Chile’s 2015 Copa America knight errant has somehow become Argentina’s floundering jester with absurd lineup choices and tactical experiments that would make even Jurgen Klinsmann cock his head in confusion. Sampaoli has proven so clueless at the helm that a group of senior Argentine players even reportedly attempted a full-on coup, desperately pleading with FA chairman Claudio Tapia not for Sampaoli’s dismissal, but simply for control of the starting lineup. That reportedly fell short, but it proved to the world the former Sevilla boss is on an island.

Lionel Messi jumps on the back of Marcos Rojo after the defender scored a late winner against Nigeria to send Argentina through to the knockout round (Photo by Richard Heathcote/Getty Images).

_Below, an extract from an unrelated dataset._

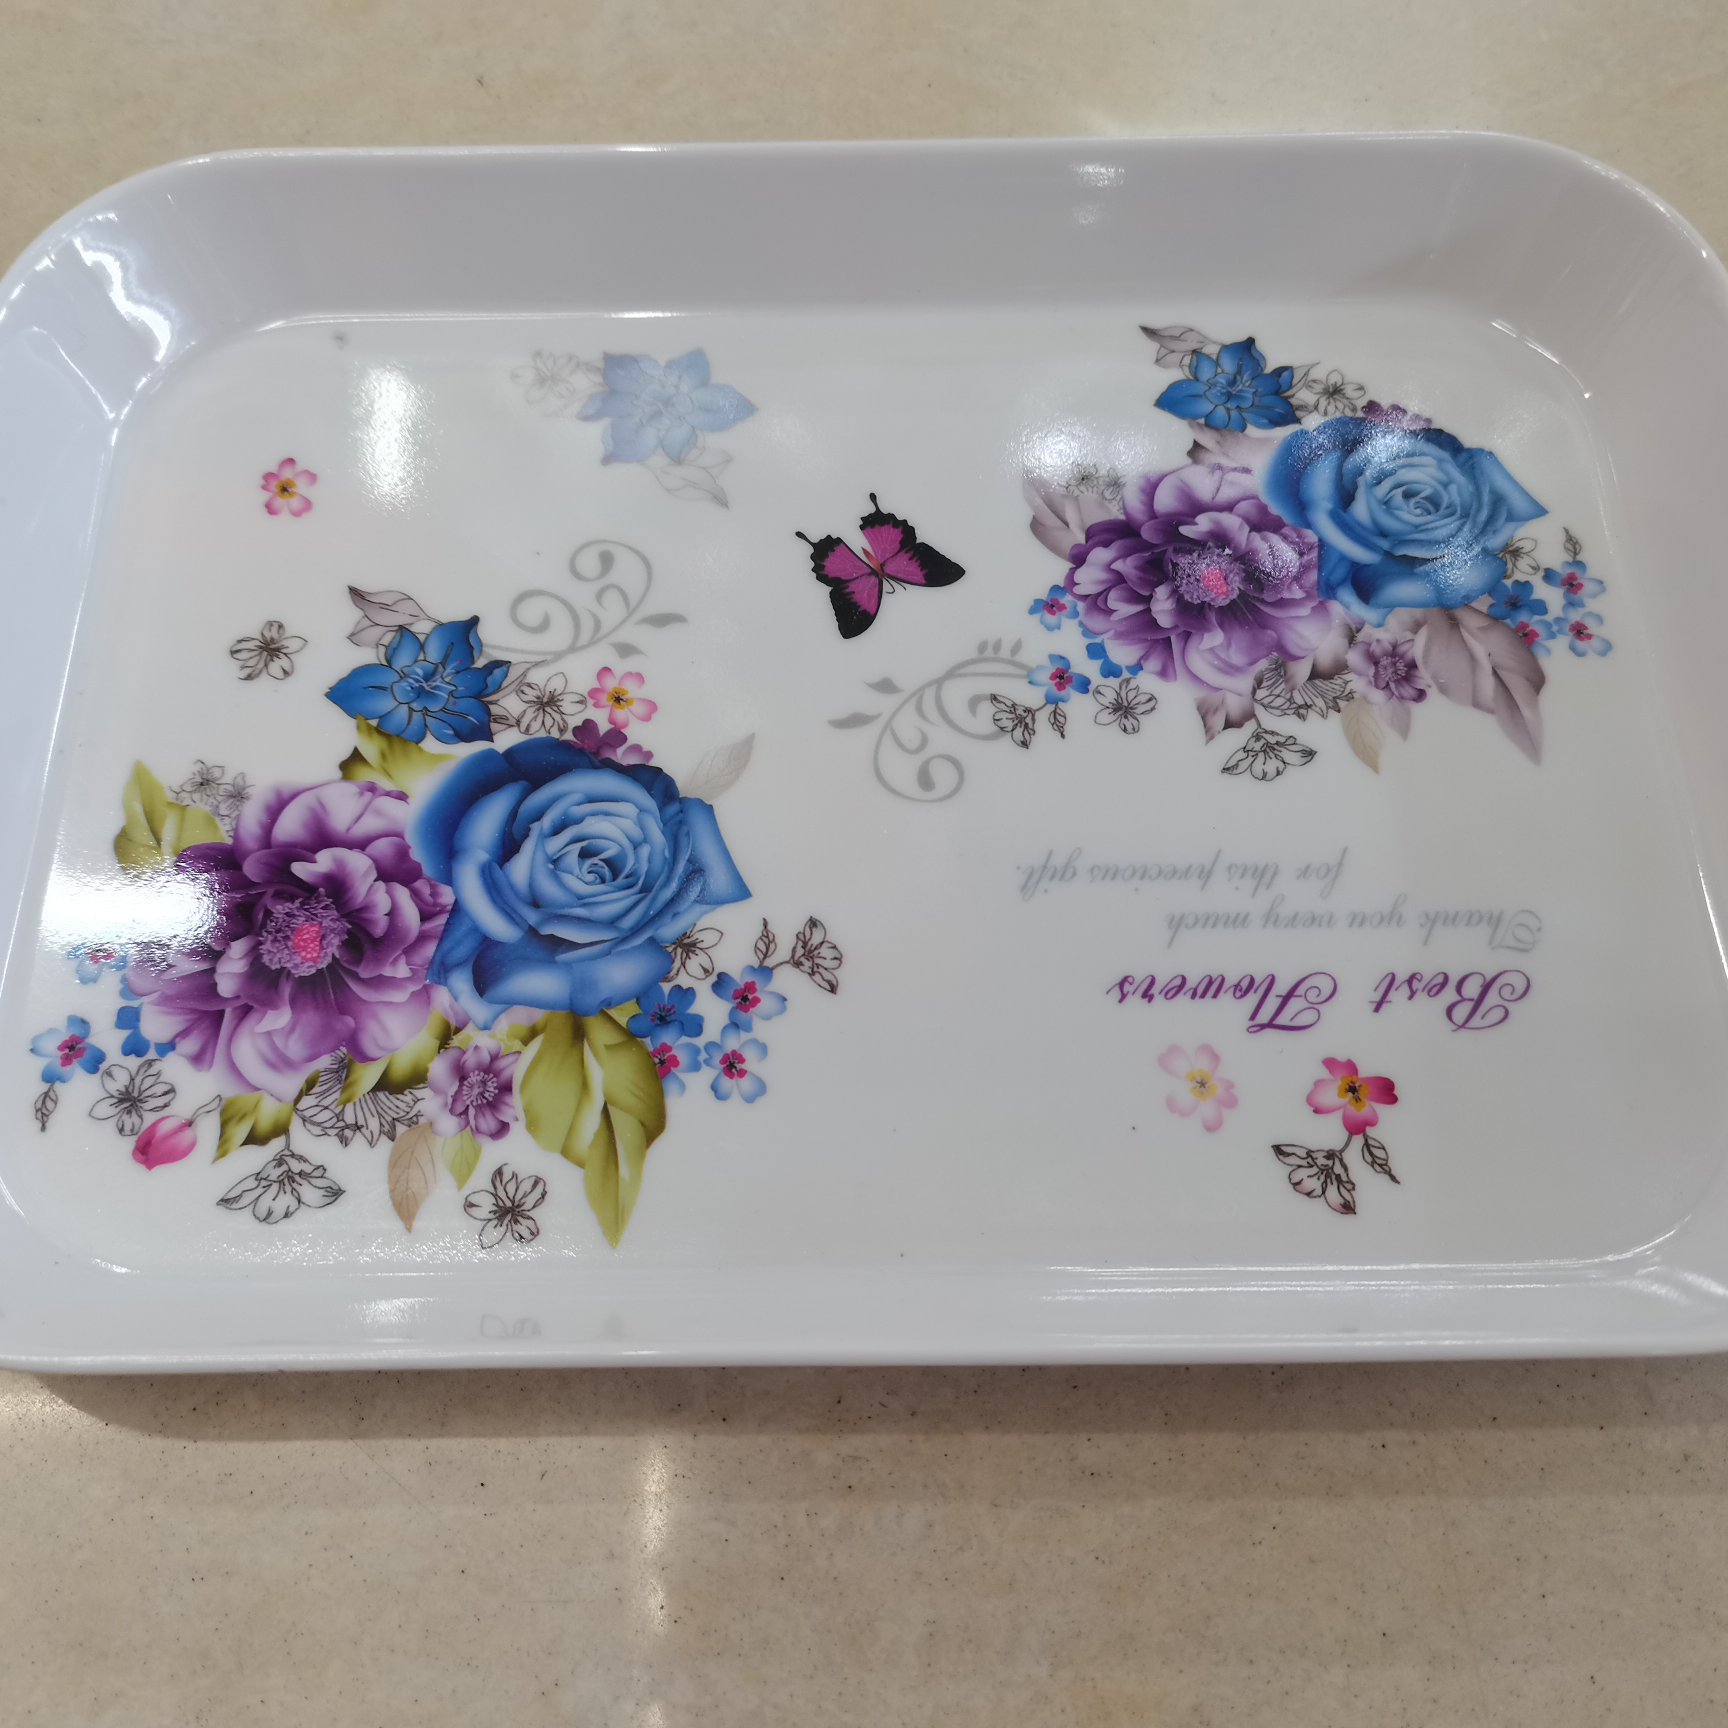 Amazon Melamine Cutlery Plate 2310 Rectangular Tray Imitation Porcelain Melamine Tableware Plastic Tray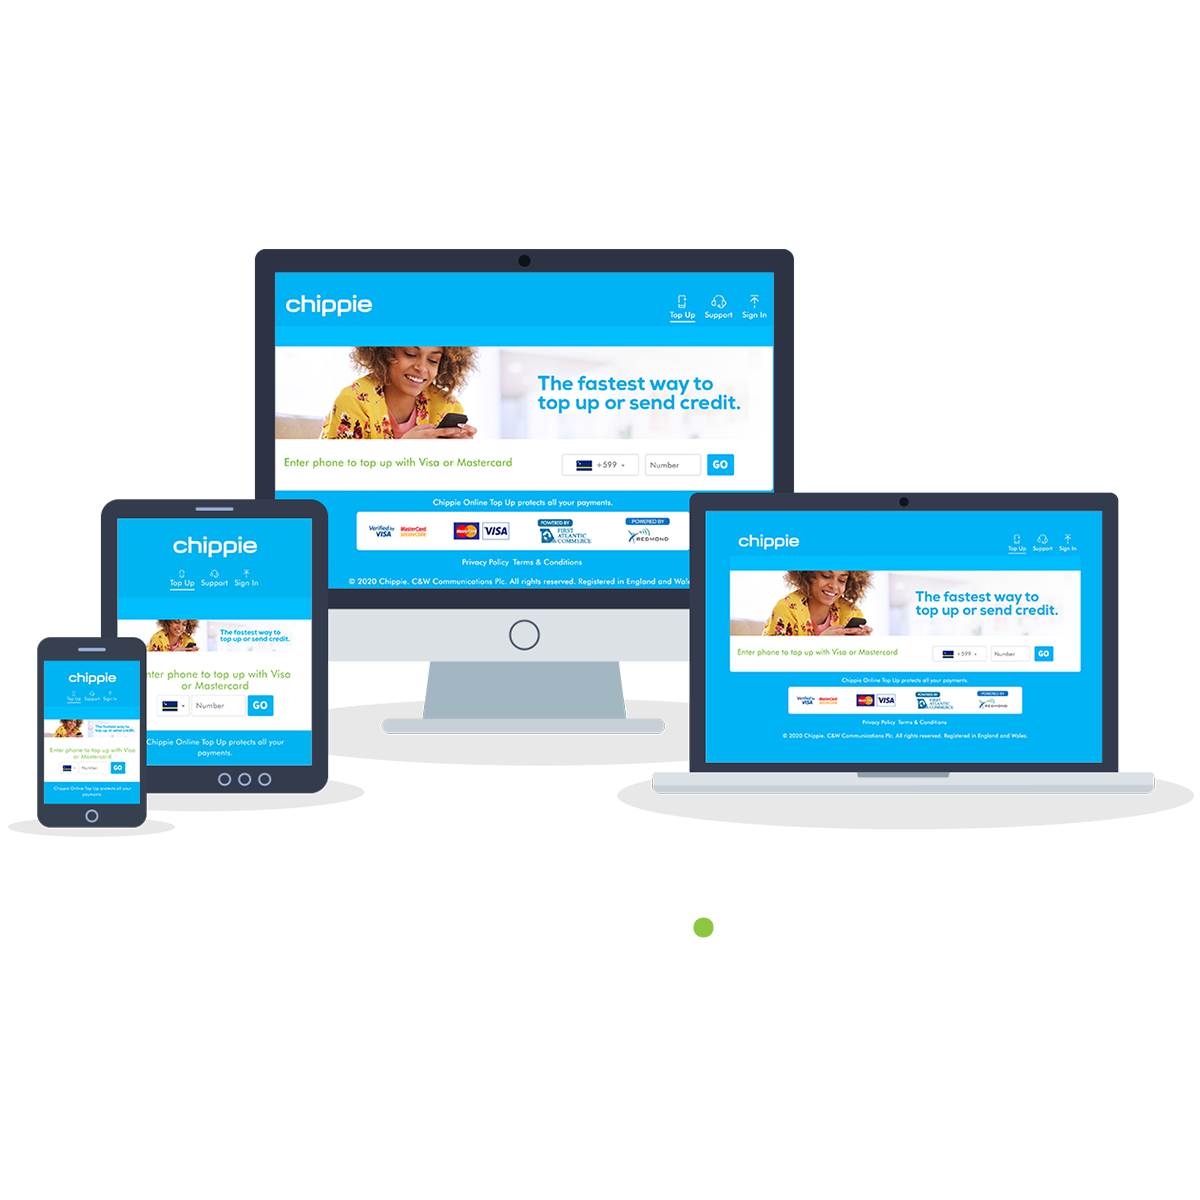 Topupchippie.com

The biggest and most glaring issue for Sampaoli’s squad selections have been the midfield, where he has proven utterly lost. In Argentina’s opening game against Iceland, Sampaoli started international veteran Javier Mascherano alongside fellow deep-lying midfielder Lucas Biglia in a central midfield pivot that proved redundant, leaving Lionel Messi on an island further up the field. With Manuel Lanzini injured in the buildup to the tournament, Sampaoli turned to little-known Independente playmaker Maximiliano Meza on the wing opposite perpetual international dud Angel Di Maria, leaving Messi completely isolated with the creative load on his shoulders. Meanwhile, electric Juventus striker Paulo Dybala, passing wizard Ever Banega, and midfield link Giovani Lo Celso were left to contemplate their thoughts among the substitutes. Argentina dominated Iceland in every facet of the game, but, as they have on many occasions throughout the last few years, produced no end product.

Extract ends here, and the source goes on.